The equilibrium constant for the dissociation of a proton from an weak acid is called the acid dissociation constant, designated Ka. To simplify calculations and make easy comparisons, bases are considered in their protonated form. For example, the Ka of the α-amino group of alanine is the measure of the acid strength of its conjugate acid, –NH3+.
Seven of the amino acids (D, E, H, C, Y, K, R) have side chains containing an ionizable group. Aspartate (D) and glutamate (E) are dicarboxylic amino acids. In addition to their α-carboxyl groups, aspartate possesses a β-carboxyl group, and glutamate has a γ-carboxyl. Because the side chains of Asp and Glu are completely ionized at pH 7, they confer negative charges on proteins and are usually found on the surface where they can hydrogen bond to water molecules. [Note: Remember that an acid is 91% deprotonated at pH = pK + 1 and 99% deprotonated at pH = pK + 2.]
The ε-amino group of lysine (Lys, K) has an intrinsic pK value of 11.1 and thus exists as the –NH3+ ion at pH 7.
Why is the pK of the carboxyl group of an amino acid so much lower than that of acetic acid (pK = 4.8)? Consider the table below.

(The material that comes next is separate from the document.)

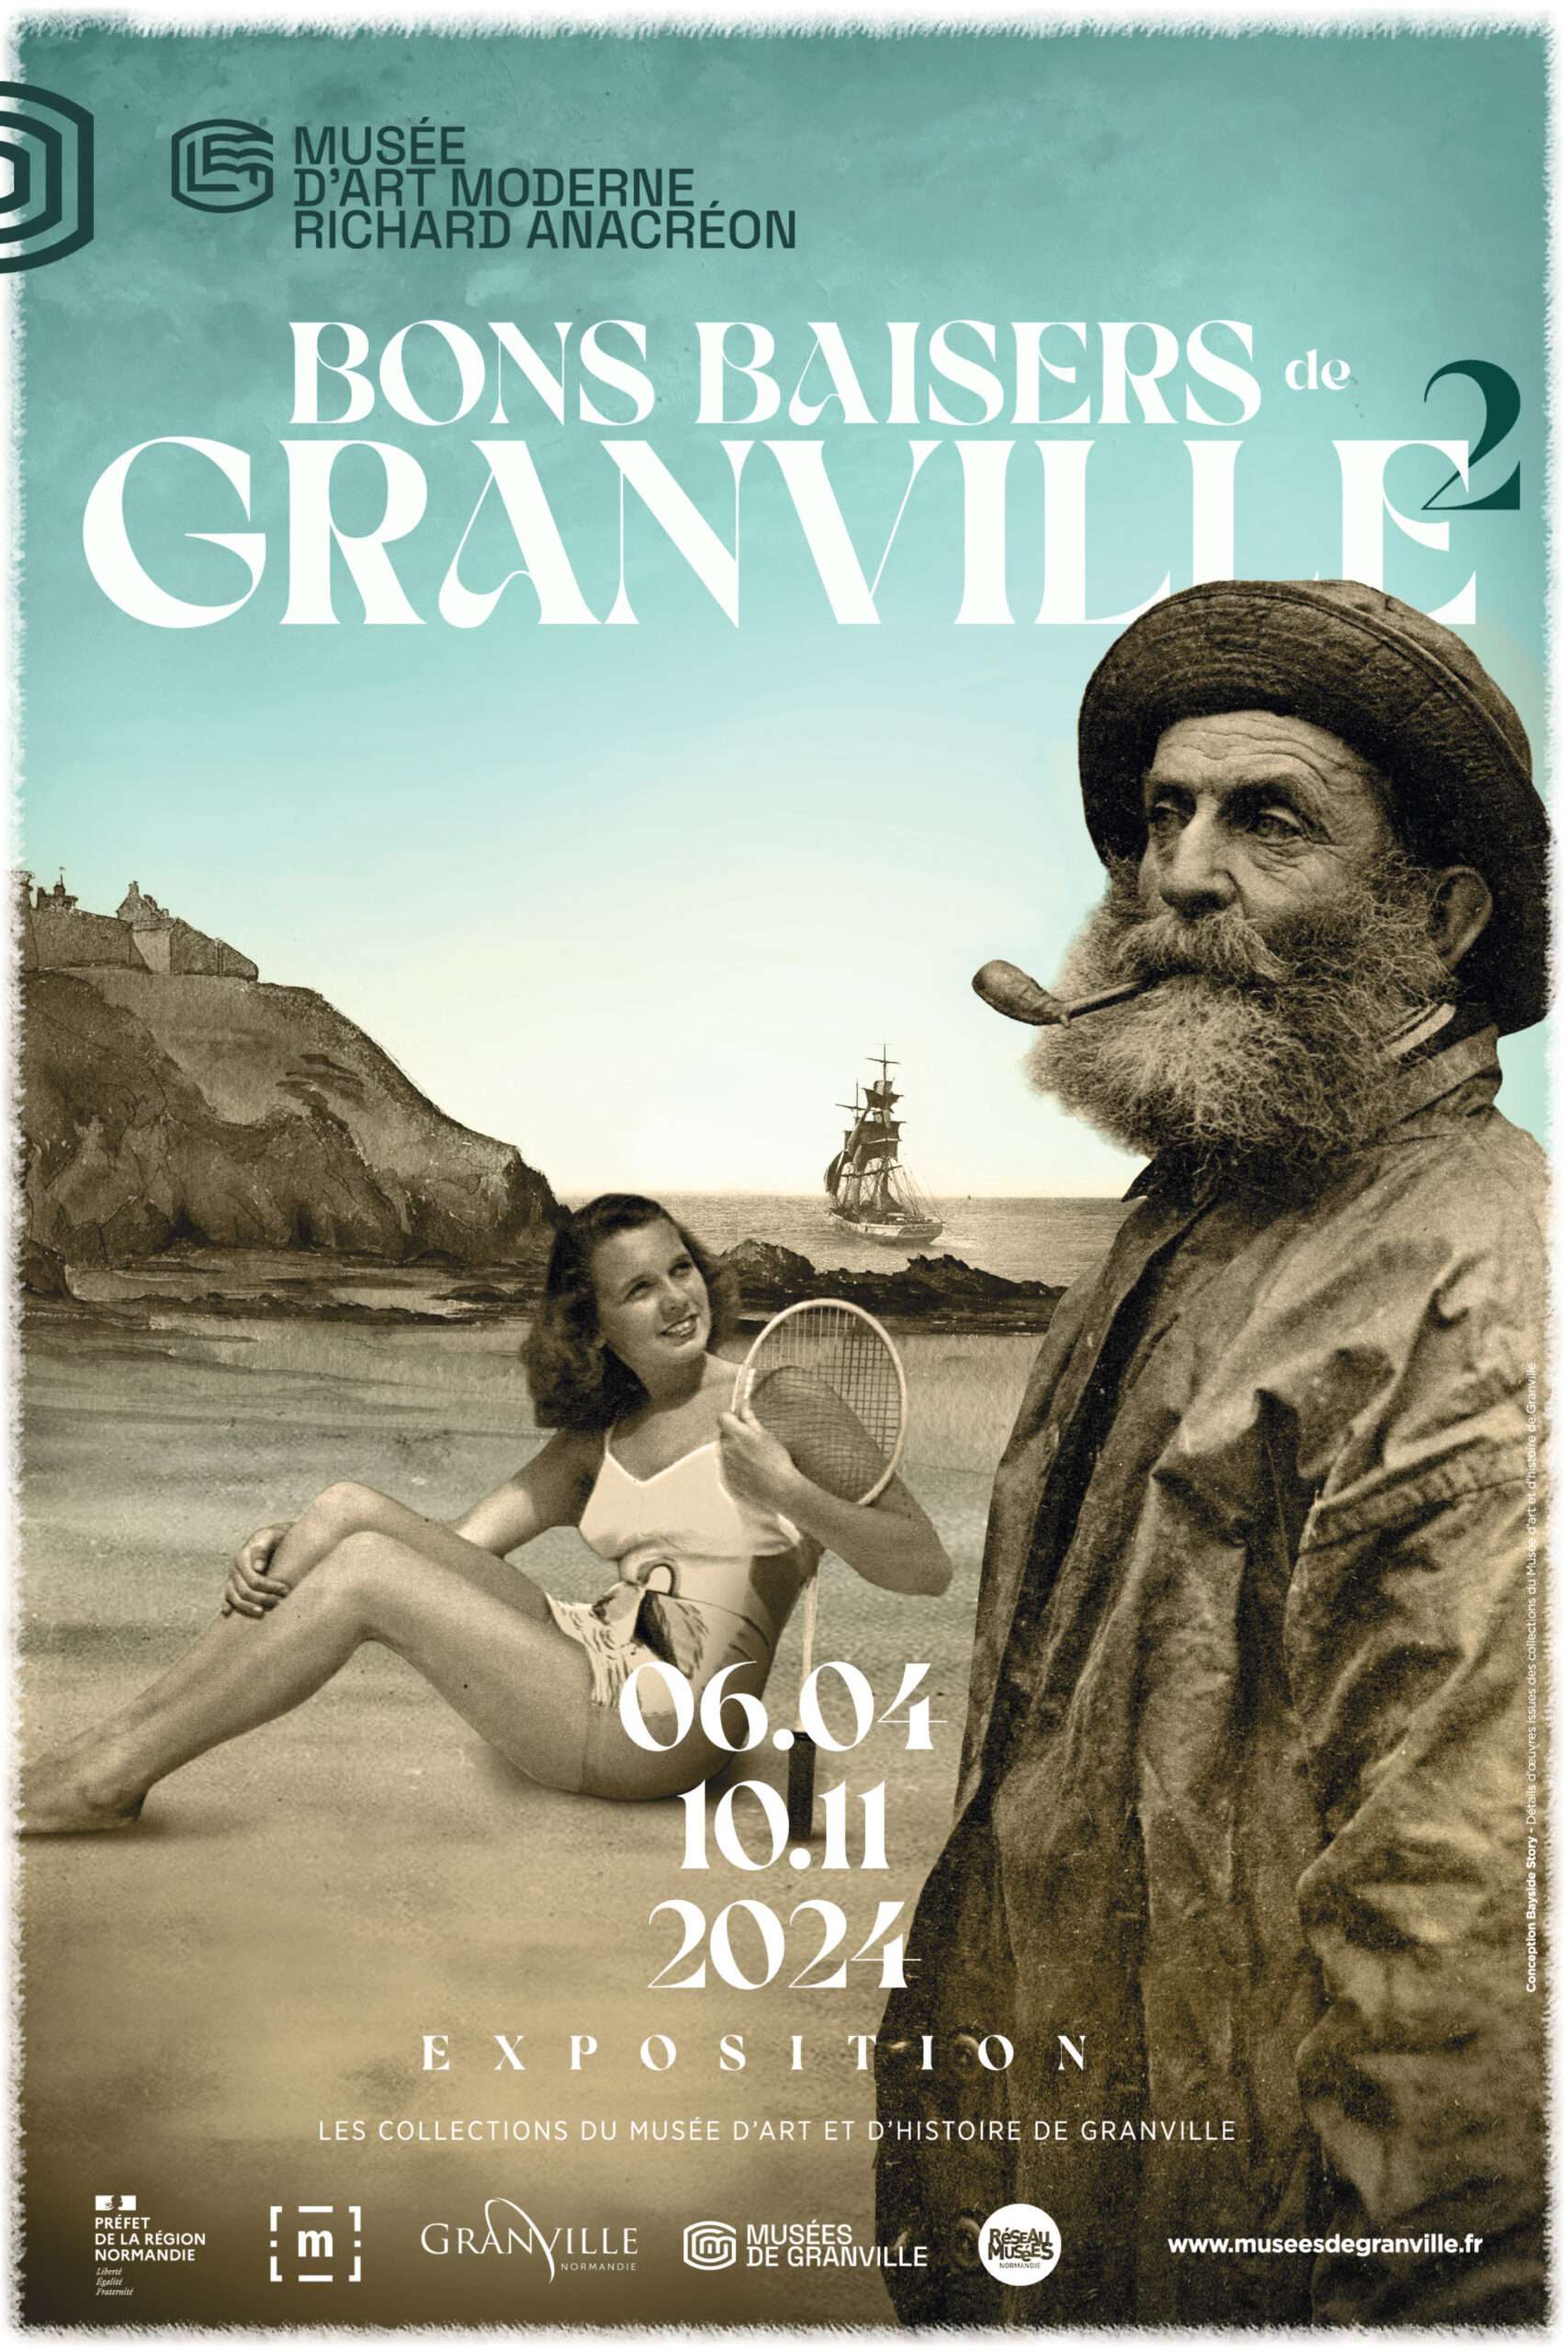 Affiche de l'exposition Bons Baisers de Granville 2 présentée du 6 avril au 10 novembre 2024 au MamRA, Granville

Table I: pKa of Alanine Oligomers
| Compound | pK1 | pK2 |
| Ala | 2.34 | 9.69 |
| (Ala)2 | 3.12 | 8.30 |
| (Ala)3 | 3.39 | 8.03 |
| (Ala)4 | 3.42 | 7.94 |
In proteins, the pK values of the ionizable side chains can vary from those of the free amino acids. Two factors are at work. First, as you learned above, the α-amino and α-carboxyl groups no longer carry ionic charges. Second, the microenvironment of an ionizable side chain within the three-dimensional structure of the protein can lead to large perturbations in its pK.